M121: The MongoDB Aggregation Framework 3

김하영·2023년 2월 21일

The $group Stage

"그룹 키"에 따라 문서를 그룹으로 구분하며, 출력은 각 고유 그룹 키에 대한 하나의 문서
accumulator 연산자를 지정하여 연산도 가능 (선택)

{
  $group:
    {
      _id: <expression>, // Group key
      <field1>: { <accumulator1> : <expression1> },
      ...
    }
 }

movies 컬렉션에 directors 배열의 사이즈를 구해 numDirectors 기준으로 그룹핑한다.
-> $isArray : 배열인지 체크
-> $cond : if 문 과 동일한 처리
numFilms 이란 필드에 그룹핑 대상으로 sum 한 값을 저장한다.
averageMetacritic 이란 필드에 그룹핑 대상으로 metacritic 에 대한 avg 값을 저장한다.
그룹핑 키인 _id.numDirectors 기준으로 내림차순 정렬한다.

Accumulator Operator

위와 같이 그룹키를 null 로 지정하고 accumulator 연산자를 지정하여 연산만 처리할 수도 있다.

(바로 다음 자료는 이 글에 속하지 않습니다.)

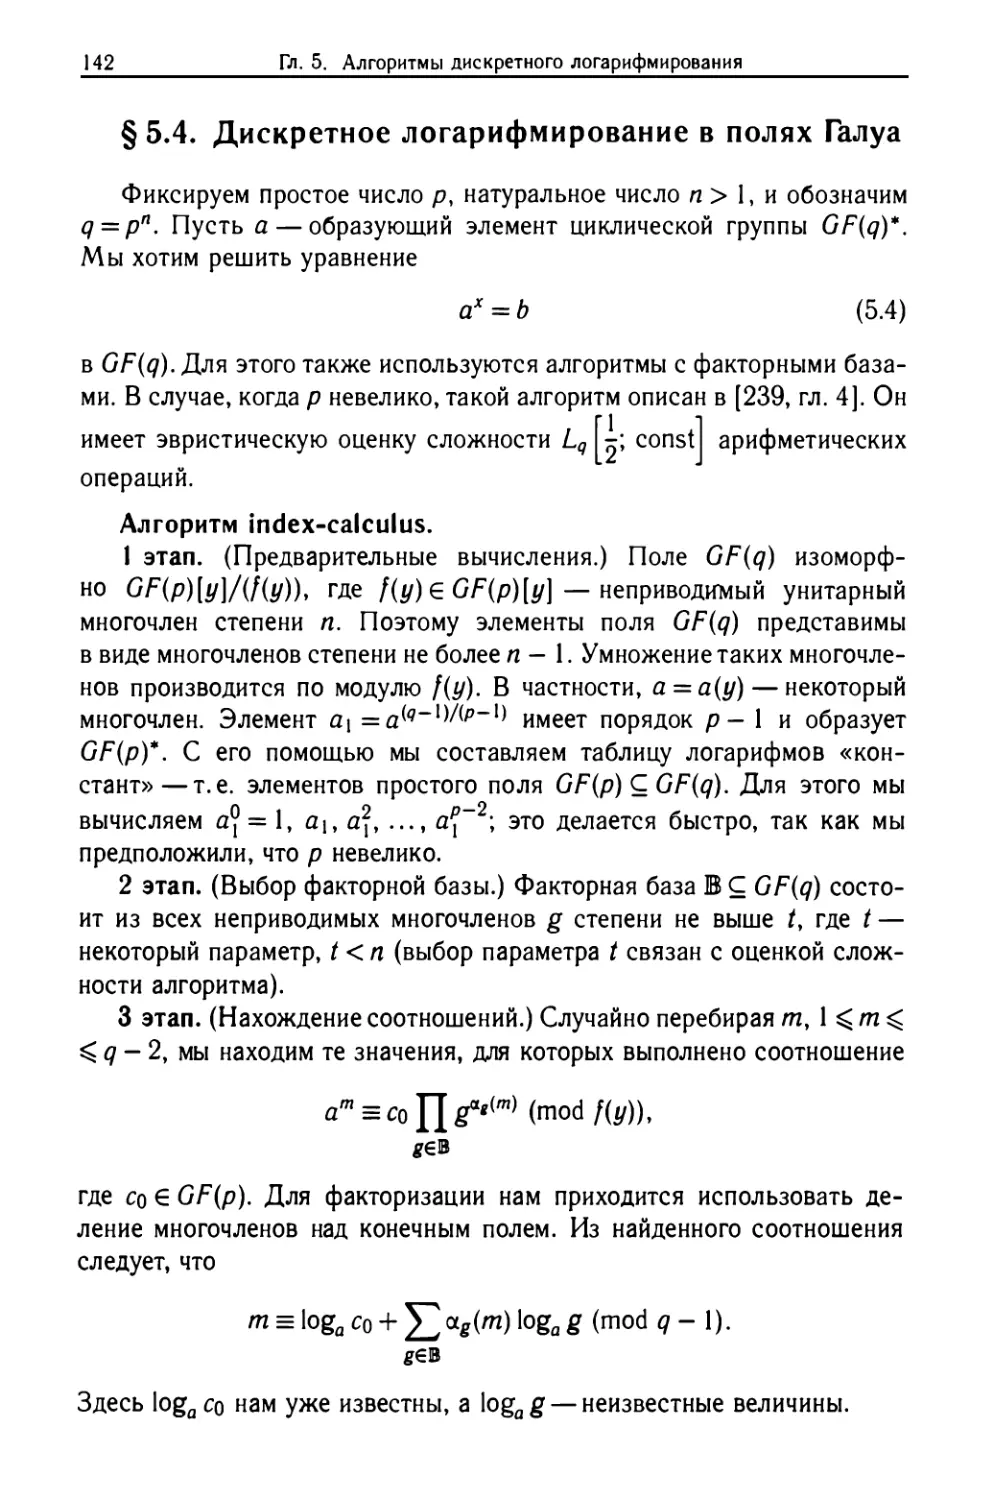 §5.4. Дискретное логарифмирование в полях Галуа

Accumulator Stages with $project

icecream_data 컬렉션의 trends 필드의 avg_high_temp 값이 initialValue 보다 크다면 max_high 값은 avg_high_temp 가 되고 아니면 value 가 된다.
$reduce 를 통해 컬렉션 내에 조건을 만족하는 애들을 돌아가면서 체크한다.

근데 이를 간단하게 처리할 수 있다! -> Accumulator 연산자 + $project

$project 와 같이 쓸수 있는 Accumulator 연산자는 6개로 제한되어 있는 건가??
(수업 내용에서는 그러는 것 같은디...)

The $unwind Stage

입력 문서에서 배열 필드를 분해하여 각 요소에 대한 문서를 출력
각 출력 문서는 배열 필드의 값이 요소로 대체된 입력 문서

short form

{ $unwind: <field path> }

long form

{
  $unwind:
    {
      path: <field path>,
      includeArrayIndex: <string>,
      preserveNullAndEmptyArrays: <boolean>
    }
}

-> includeArrayIndex : 배열 요소의 순번을 표시한다.
-> preserveNullAndEmptyArrays : 지정된 field path에 원소가 없거나 null 이어도 출력하는지 여부 ( 기본 값 : false)

The $lookup Stage

동일한 데이터베이스의 특정 컬렉션에 대해 LEFT OUTER JOIN 을 수행
$lookup 단계에서 새 배열 필드를 추가하며, 새 배열 필드에는 "조인된" 컬렉션에서 일치하는 문서가 포함

--> LEFT OUTER JOIN

LEFT OUTER JOIN은 왼쪽 테이블의 것은 조건에 부합하지 않더라도 모두 결합되어야 한다는 의미이다.
즉, FROM 첫번째 테이블 LEFT OUTER JOIN 두번째 테이블이라면 첫번째 테이블의 것은 모두 출력되어야 한다.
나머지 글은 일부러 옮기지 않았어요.